6/10
Warning: Beware the Blood Island dizzy-cam!
10 May 2011
Warning: Spoilers
The second in the "Blood Island" series ups the ante with even more explicit sex and violence, recycling much from "Brides of Blood", including John Ashley. I didn't notice any other holdovers from the previous film, but the director hired actors who looked just like them anyway. There are carbon copies of Arcadio, Goro, Esteban Powers, and Alma, as well as the lovely Angelique Pettyjohn standing in for Beverly Hills.

The plot is even wilder than before. This time, Ashley and damsel-in-distress-to-be Pettyjohn travel to Blood Island to locate her estranged father. No, the island is not called Matool. Anyway, what they discover is that the island is being stalked by a rampaging green humanoid monster, the result of a mad doctor's botched experiment involving chlorophyll used as a means of transforming human beings. Or something like that, right? Do we really care? There's a monster and it's killing people, and the protagonists don't have the sense to leave.
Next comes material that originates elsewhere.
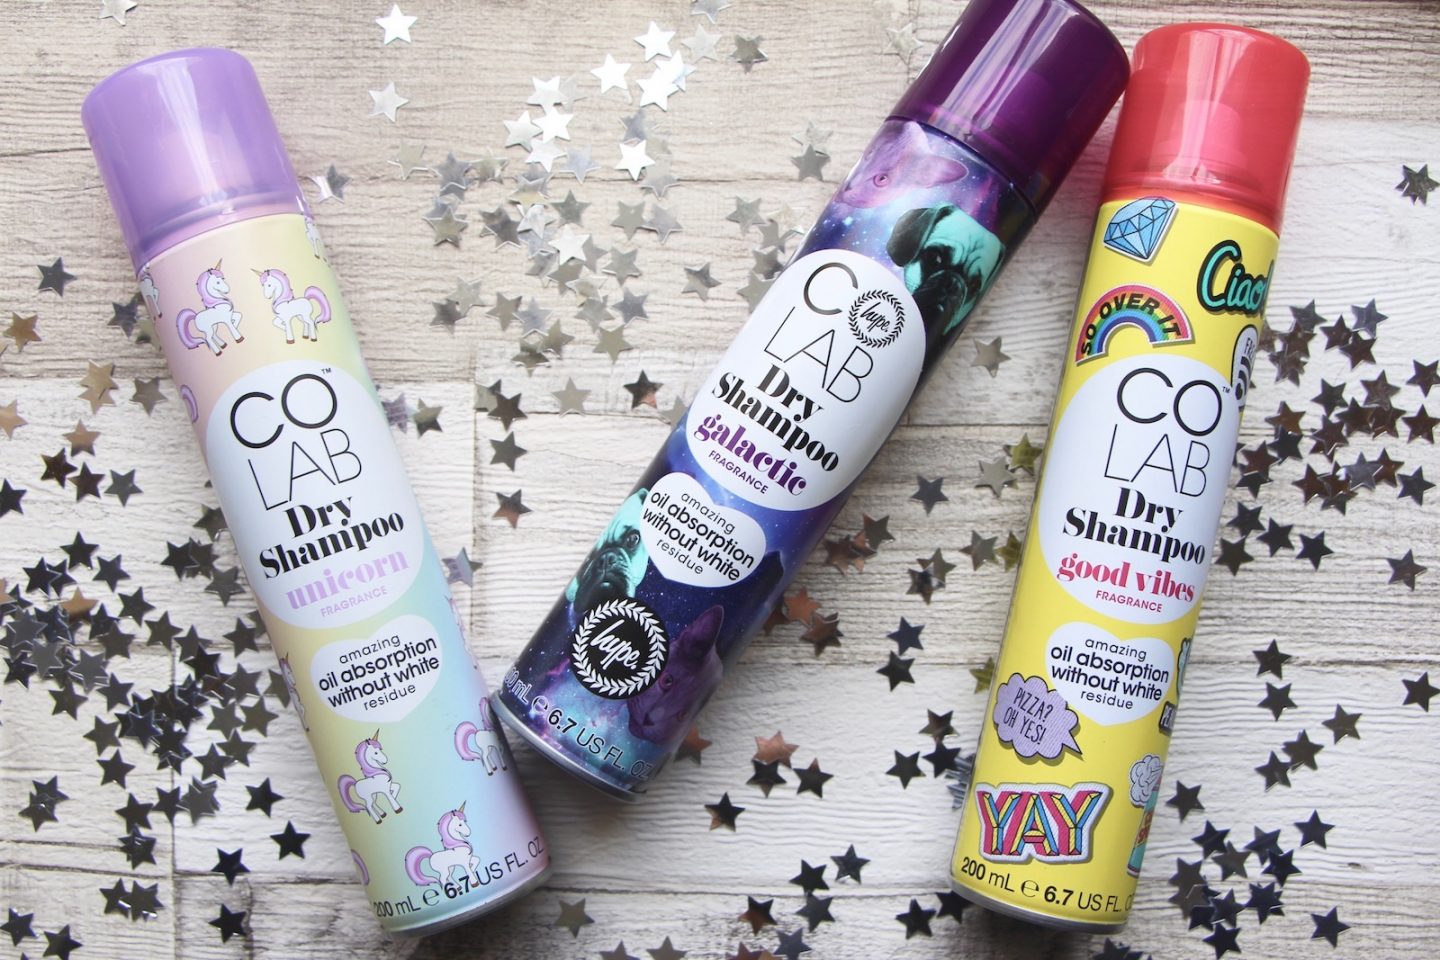 colab dry shampoo at boots
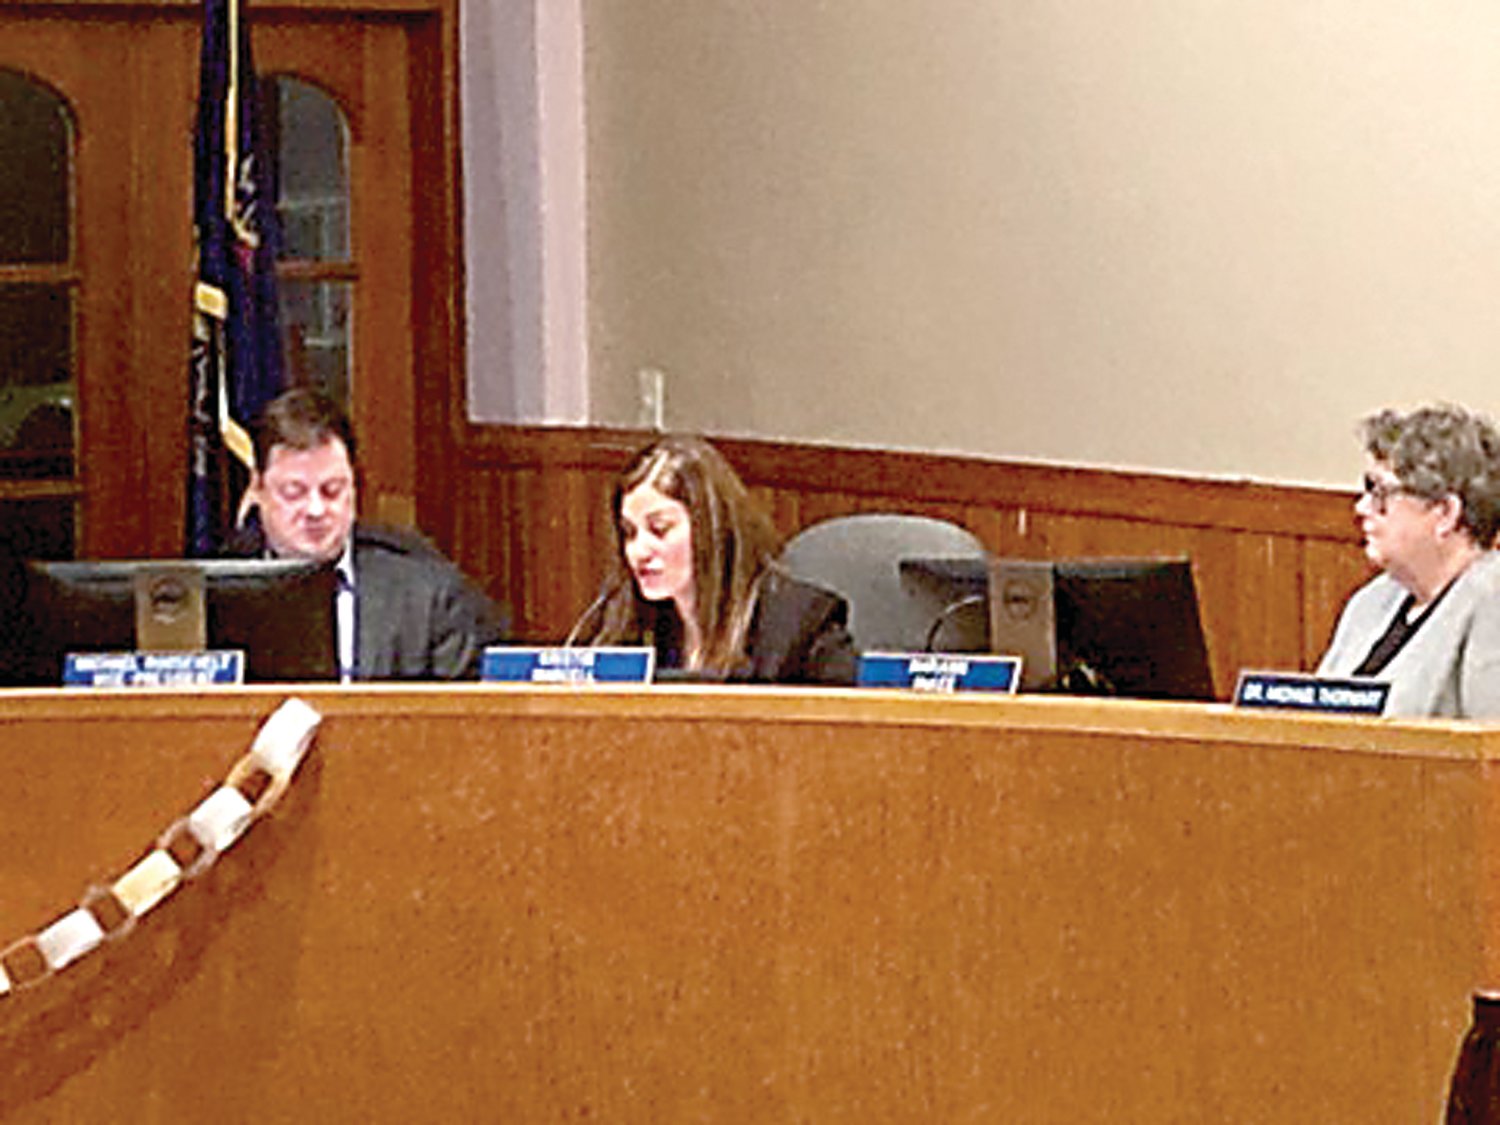 Kristin Marcell, center, delivers her farewell remarks to the Council Rock School Board on Feb. 9 as Mike Roosevelt, left, and Mariann McKee look on. Marcell  is now the state representative for the 178th District in Bucks County.

Fans of naked ladies have plenty to look at, as the film literally opens with a nude woman being chased through the jungle by the creature. The gore in the film is gratuitous and ever-present, with the monster clawing people to death, ripping out their guts, and in one especially angry moment, attacking a young couple making out in the jungle. It rips off the man's arm (or was it a leg?) and efficiently removes the woman's head, tossing it in the air. What a cranky monster! It's also worth mentioning that the movie contains a very disturbing sequence where real animals are violently slaughtered on camera--a "native ritual" concludes with the natives rushing at some bound goats and pigs, stabbing them to death with knives, which was a genuine shock for me.

Yet personally, I prefer "Brides of Blood" over this one, for one major reason. The director has attempted to disguise the ridiculous monster by using a pulsating zoom lens effect every time it's on screen. It's a gimmick that you'll either love or hate, and it's much more pronounced than the shakycam shenanigans of "The Blair Witch Project" or similar hand-held horror films. On a big screen, this effect would have been absolutely nauseating to me.

Still, I'd recommend this movie to anybody who liked the first one, or anybody who digs grade-Z drive-in trash just like I do. The horror exotica settings do a lot to make the film interesting, and believe it or not, the ridiculous dialog exists alongside scenes that actually are well-written and memorable. Who expected THAT?